Business in Brief: April 5

Eilat Port privatization under way; Tel Aviv to get 65-story skyscrapers; Average public CEO salary: NIS 236,000; Boston Scientific to buy Israeli startup.

Eilat Port privatization under way • By AMIRAM BARKAT
The Government Companies Authority on Monday began the prequalification stage of bidders in the tender for the sale of the government’s stake in Eilat Port Company Ltd. This is the first stage in the privatization of Israel’s seaports. The government plans to sell its entire stake in the Eilat Port Company to a private franchisee for about NIS 100 million. The franchisee will receive a license from the transportation minister to operate the Eilat Port for 15 years, with an option to extend for 10 years, subject to meeting container-traffic volume quotas at the port during the first three years of the operating period.
Finance Minister Yuval Steinitz said this was an important step toward implementing the 2005 ports reform. Government Companies Authority director Doron Cohen said the privatization of the Eilat Port Company would help realize its cargo and tourism potential.

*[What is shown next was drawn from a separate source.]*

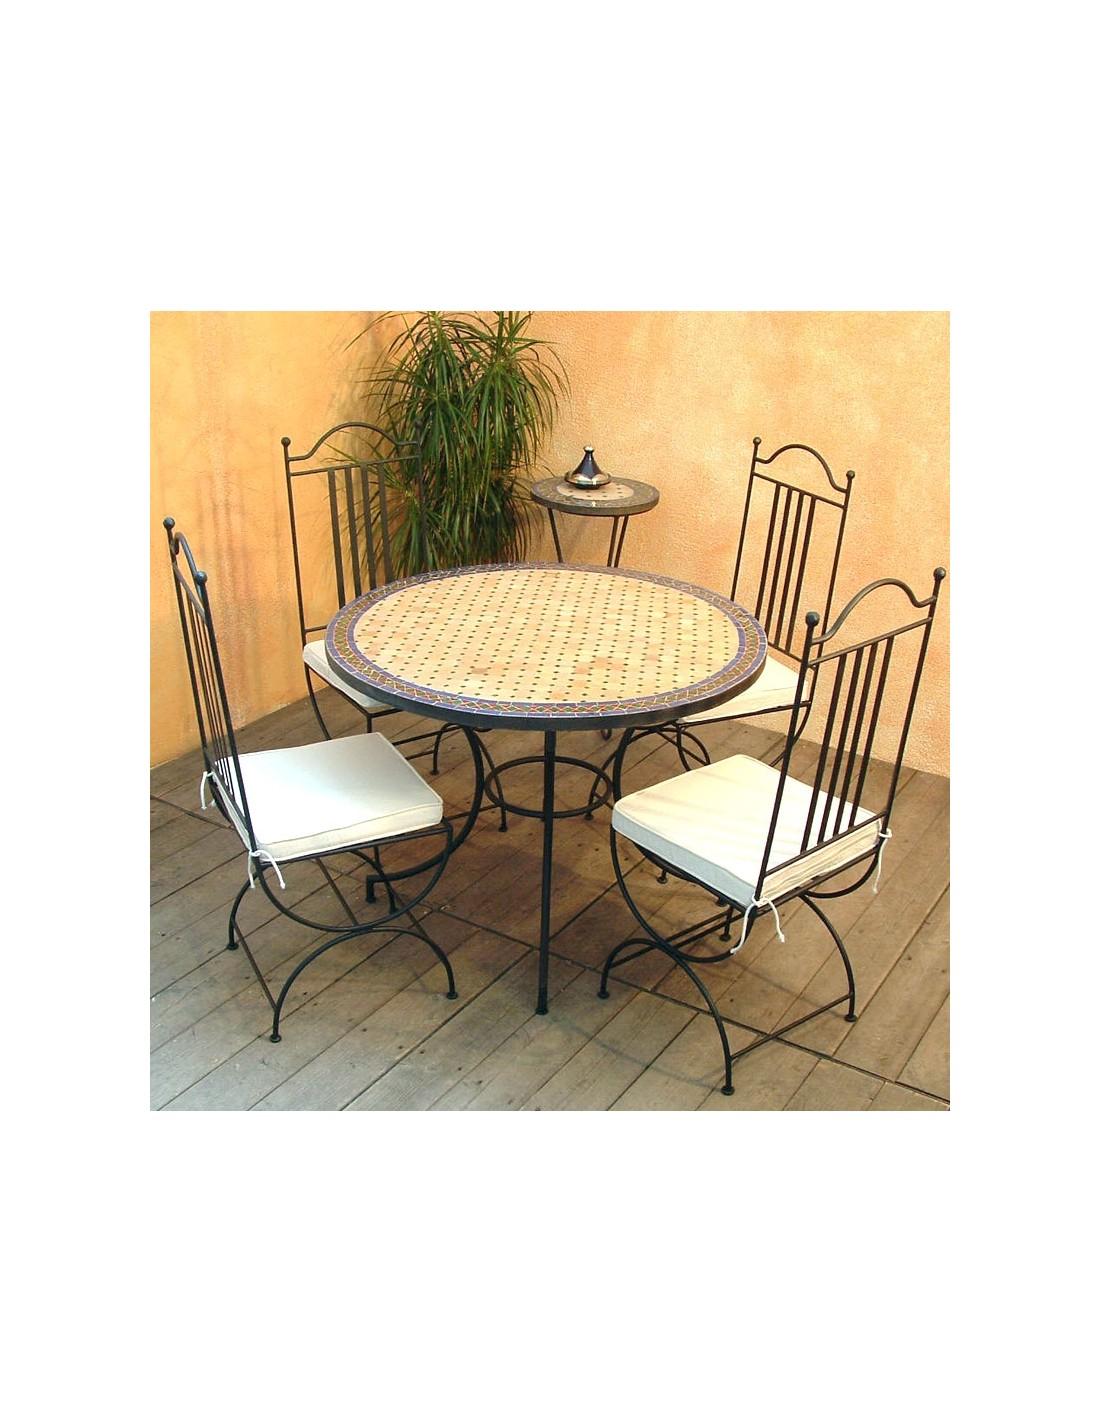 mosaiktisch jamal 100cm rund albena marokko galerie. Black Bedroom Furniture Sets. Home Design Ideas

Since the beginning of the year, he said, 10,000 passengers have passed through the port’s passenger terminal, which was opened last year.

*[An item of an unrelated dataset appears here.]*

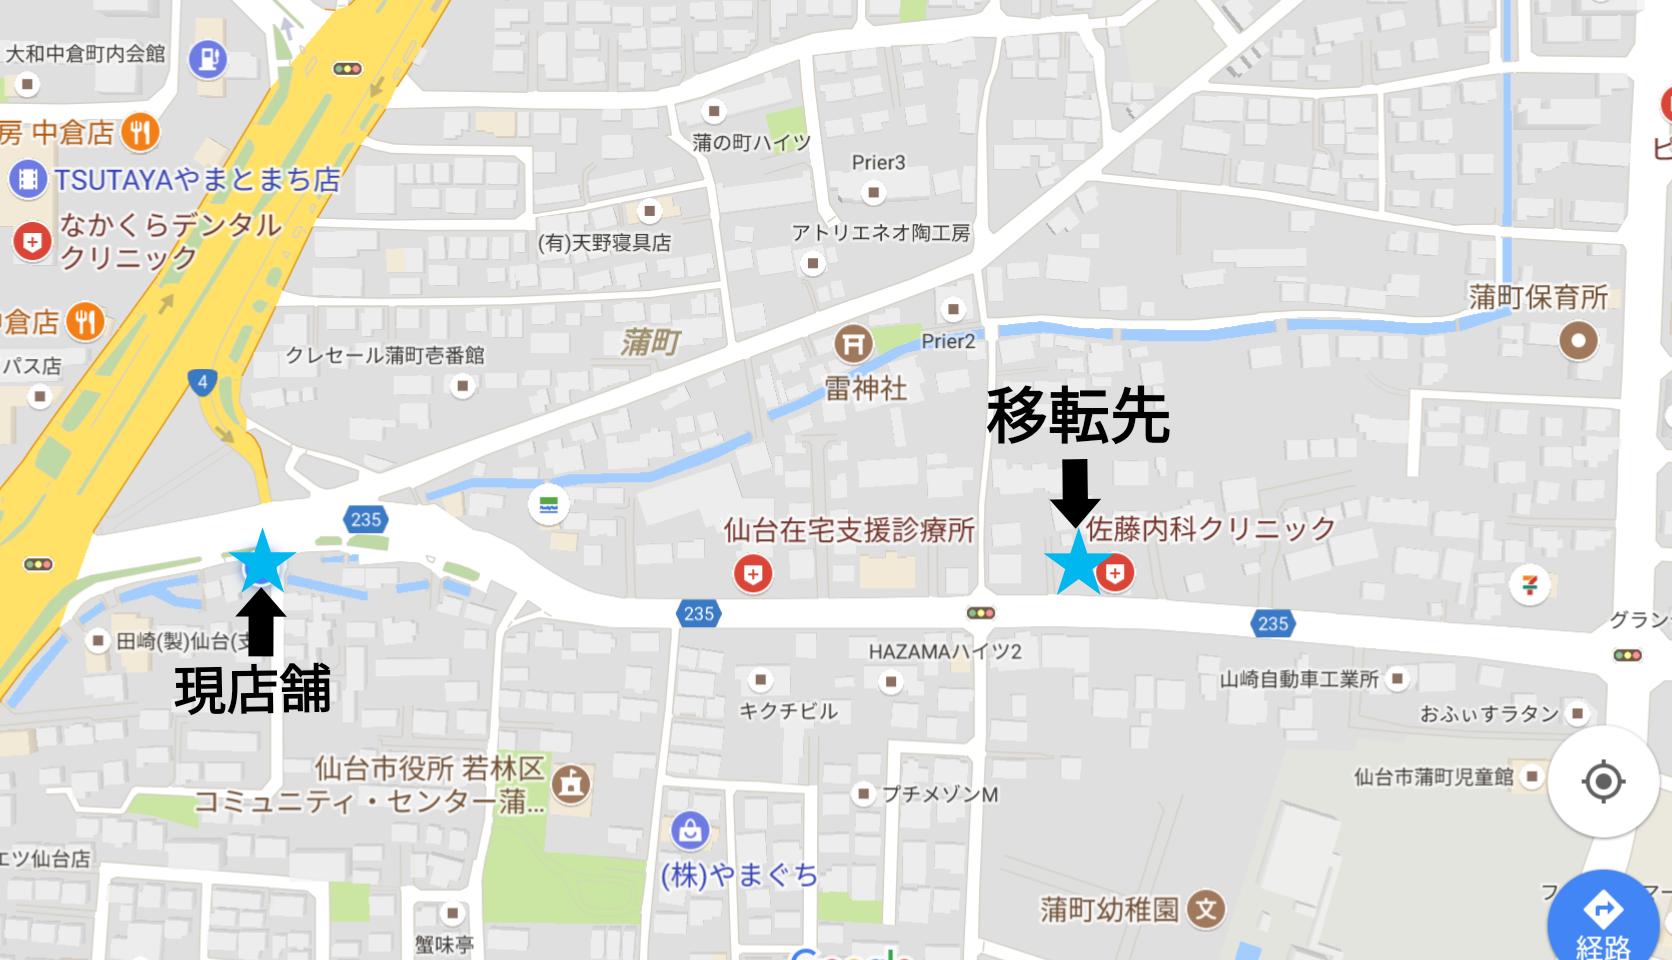 ★店舗移転についてのお知らせ★詳細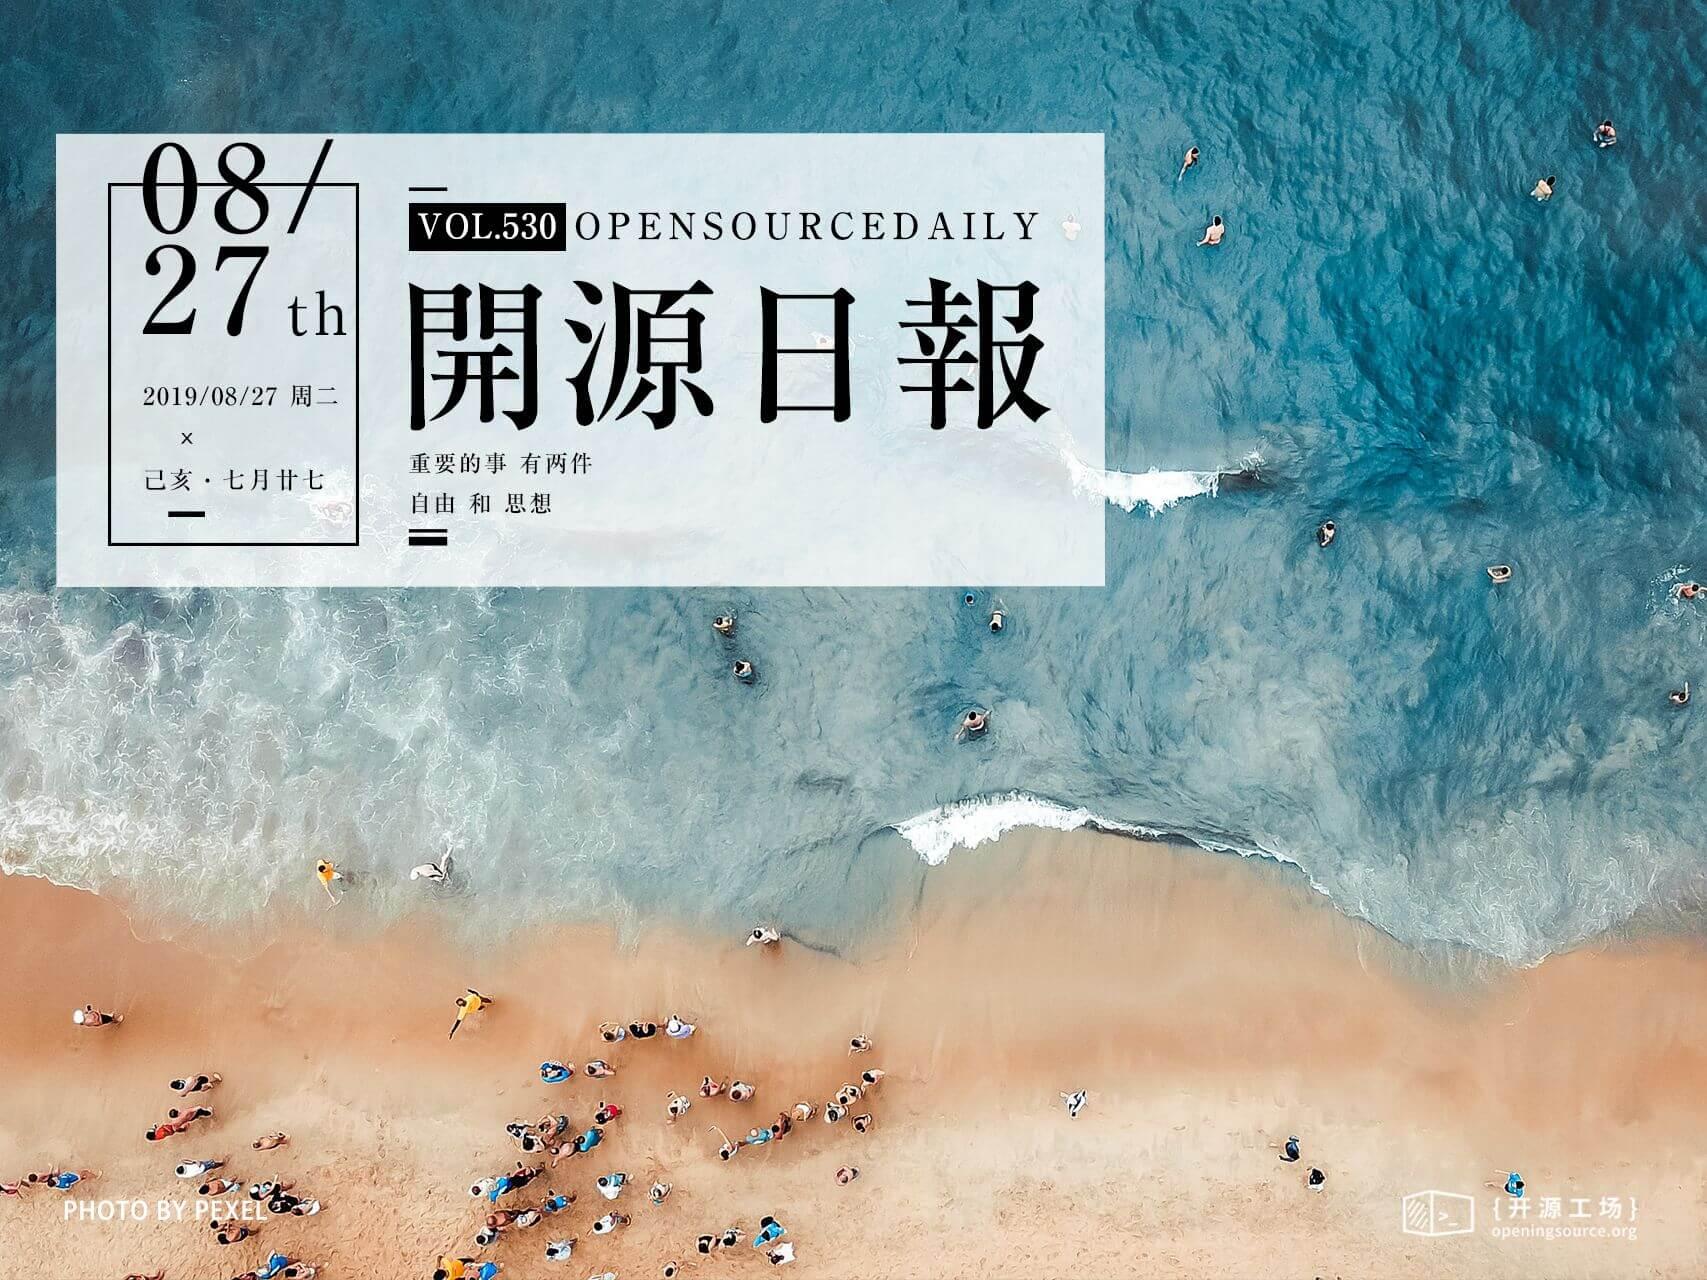 开源日报第530期:《翻译 chitchat-on-translation》

Tel Aviv to get 65-story skyscrapers • By AVI SHAULY
Electra Ltd., controlled by George Salkind, and Pangaea Real Estate Ltd., controlled by Barak Rosen and Assaf Tuchmayer, are in talks to buy the Tnuva lot from Tnuva Food Industries Ltd. in Tel Aviv for NIS 565 million. They plan to build three 65-story skyscrapers at an investment of NIS 2 billion for the project on the site. The buildings will be Israel’s tallest buildings.
The Tnuva lot has a net area of 13 dunams and a current building permit for 124,000 square meters plus 2,500 parking spaces. A shopping center, similar to the nearby Azrieli Center, will be built beneath the commercial and residential space. The lot was previously used by Tnuva as a dairy. Electra and Pangaea plan to buy the lot in equal shares. The parties have signed a no-shop agreement, which will be valid through May 1, for which Electra and Pangaea paid a NIS 1m. deposit.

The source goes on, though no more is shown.